Dad listens without interrupting, his eyes steady on mine.
“We were just hooking up at first,” I continue, “but then it turned into something real. At least, I thought it was real. She asked me to meet her family, and I panicked.”
“How?”
“Right after Coach told me about Mom’s email, it was like everything crashed down at once. I felt like a fraud, and I was so mad at Mom—” My voice cracks. “And then I ran into Em.”
He nods. He knows there’s more.
“I couldn’t handle the pressure of another person’s expectations right at that moment, and she kept going on about it. But I know that’s just her. She’s got ADHD, so her brain—and her mouth—just race sometimes, you know?”
Another nod. More silence.
I stare down at my hands, ashamed. “So I told her I couldn’t do it. Couldn’t do us. I just dropped the bomb, devastated her, walked away and left her standing there.”
I risk a glance at Dad’s face, expecting disappointment, but all I see is thoughtful concern.

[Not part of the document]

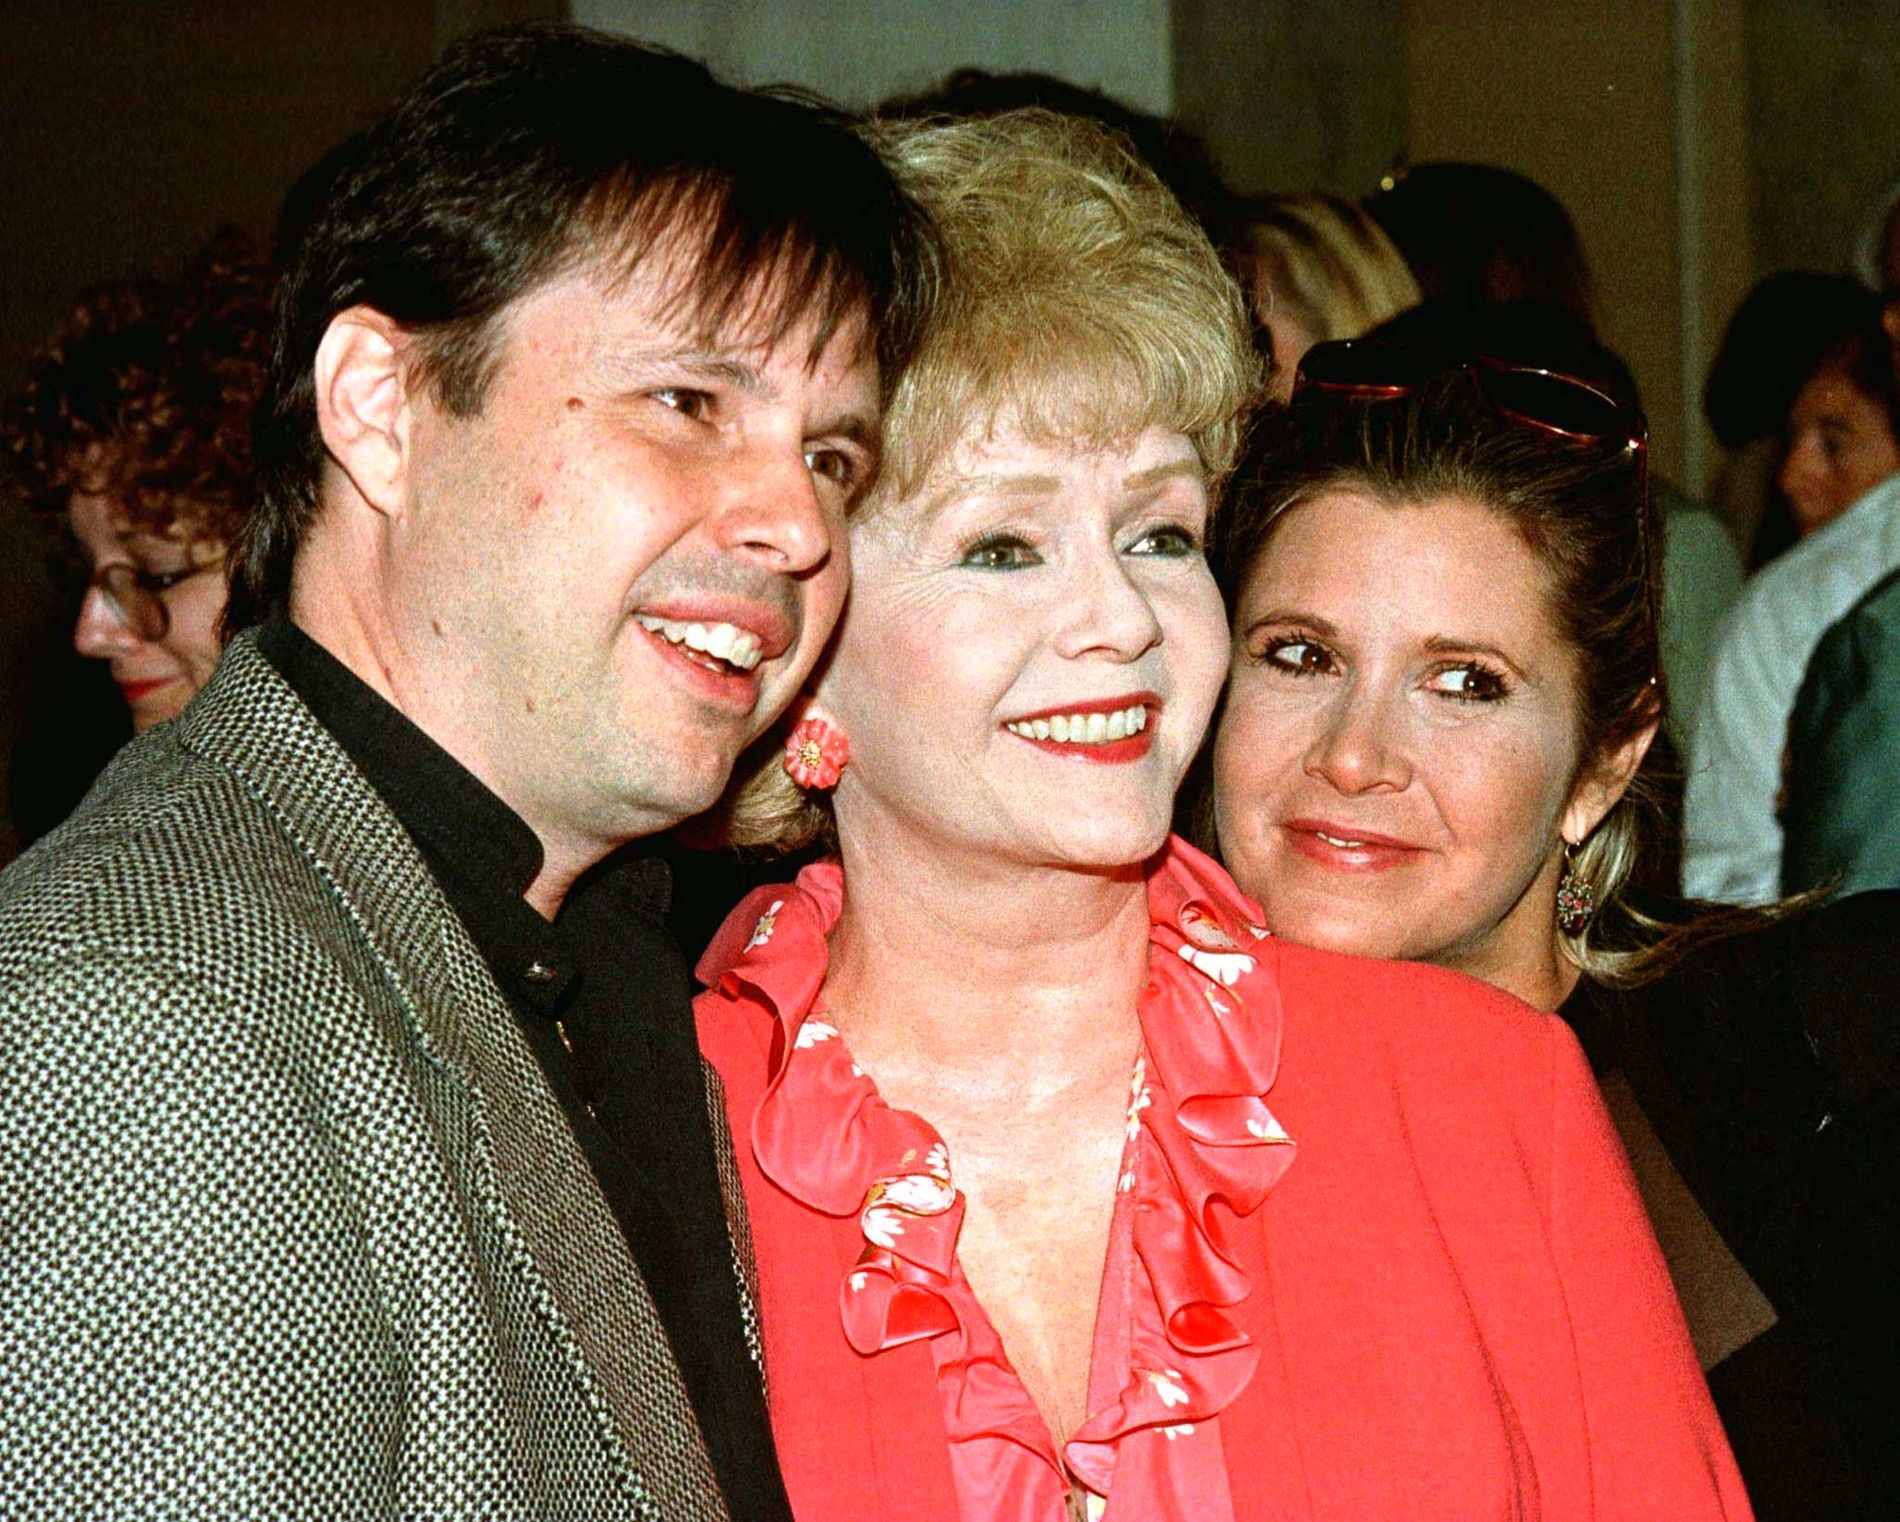 MISTET MOREN OG SØSTEREN: Filmskaper Todd Fisher sammen med moren Debbie Reynolds og søsteren Carrie Fisher i 1998.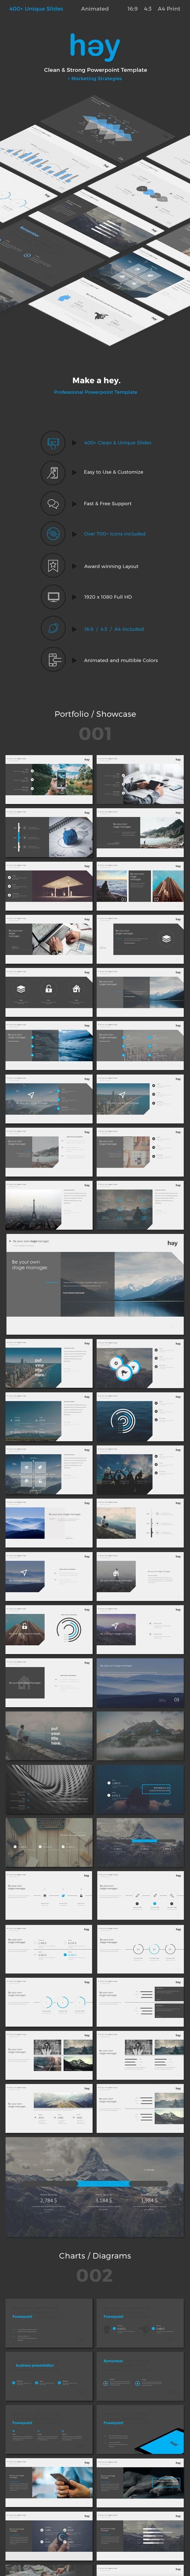 hey Powerpoint - PowerPoint Templates Presentation Templates

“I keep wondering if any of it was real,” I admit. “Does Mom only love me because I’m her hockey star? Does Em only like me because I’m good in bed and she thinks I’m going pro?” The questions that have been churning in my mind finally spill out. “What happens if I’m not what they want me to be?”
Dad exhales slowly. “That’s a lot of weight to carry around, son, but it’s also a question a lot of people ask themselves every day.”